# AC reservation, and no roomies? D:



## Grimfang (May 11, 2008)

tl;dr? Skip to the row of X's.

So, I have a reservation for AnthroCon. Got a room at the Doubletree.

Originally, it was the getaway for me and my then-boyfriend. Well.. that imploded. So I've found myself here with a ticket to my first furry con ever, and I'm totally alone.

Right now, there's about a 90% chance this is all going to happen. I just need to the confirmation that my boss is going to give me the ok for the time off, although we already discussed that.

XXXXXXXXXXXXXXXX

Now.. I'm curious. If I do go ahead with this, I was wondering if there is anyone who needs a place to bunk for the weekend. June 26-29.

I'm fully plan on bringing booze and just having an awesome weekend there, but it may be difficult to do all by my lonesome.

If you may be interested, let me know, and I'll give you more info within the next week once everything becomes concrete.


----------



## Serykins (May 11, 2008)

I might be interested, just let me know the details once you get them.


----------



## Jelly (May 12, 2008)

I booked my room a while ago...

...but, are you sure you want someone you don't know to stay with you? You might be able to get them to change the room for a single (I think you'd actually luck out with getting a single moreso than a double - you might even be able to book into the Omni or the Westin [less likely, but whatever]). I don't know...sometimes scary things happen at these events.


----------



## Grimfang (May 12, 2008)

Ya.. I don't know what else to do.

It's damn expensive.

OK PAUSE THREAD.

Maybe I'll look into that.
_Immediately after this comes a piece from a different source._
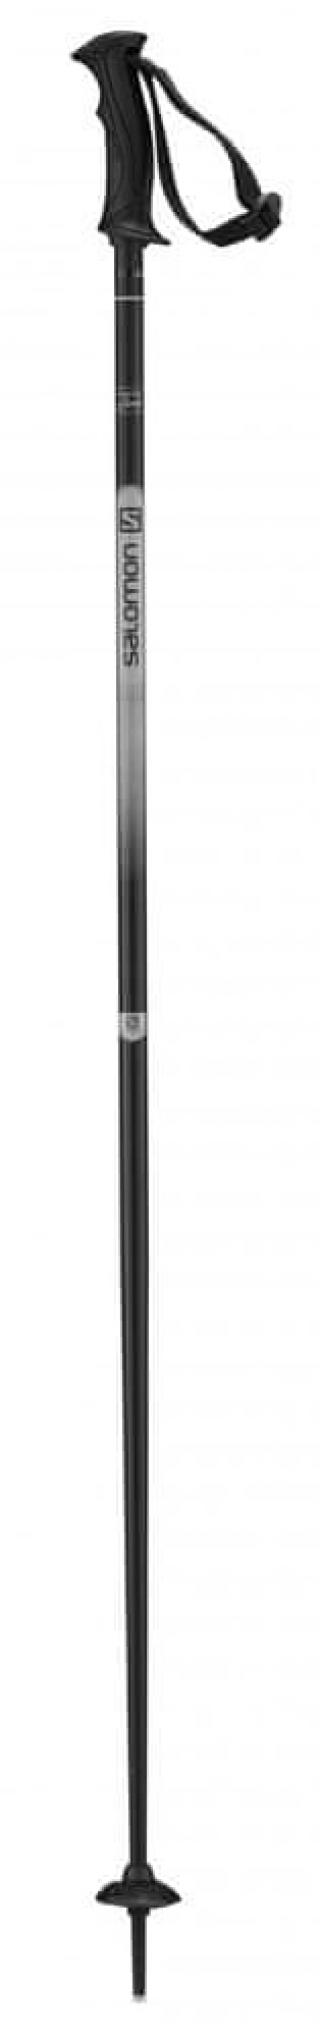 Salomon Northpole Lady Black 115 cm - rozbaleno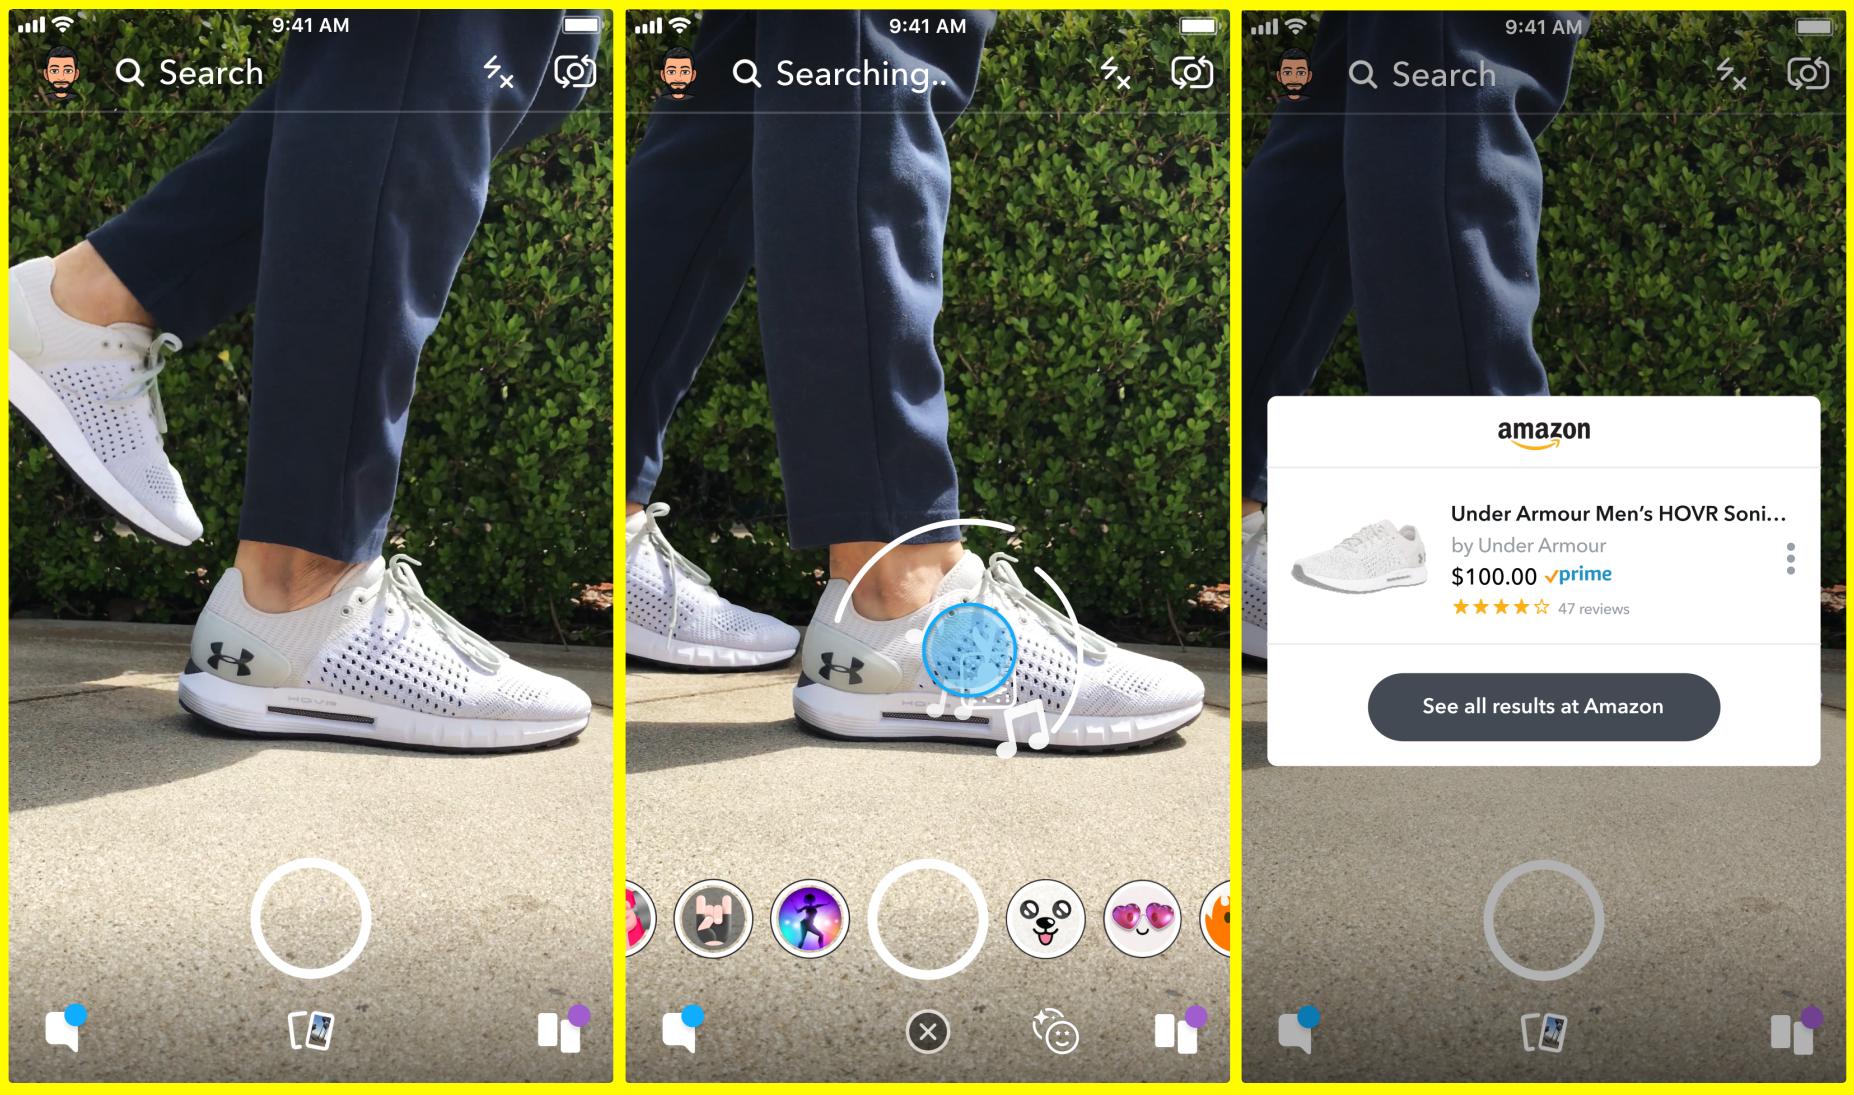 Snap's new visual e-commerce app

But, at the same time, I don't wanna go alone 

I might have one friend who can go, but I think she'll be preoccupied with her first real, professional job of awesomes.

I'm still able to make changes to, or cancel, the reservation, but I made a huge ass down payment and I don't want to let that go to waste.

If I get no roomy, I at least need to party some with any FA-goers who are there.


----------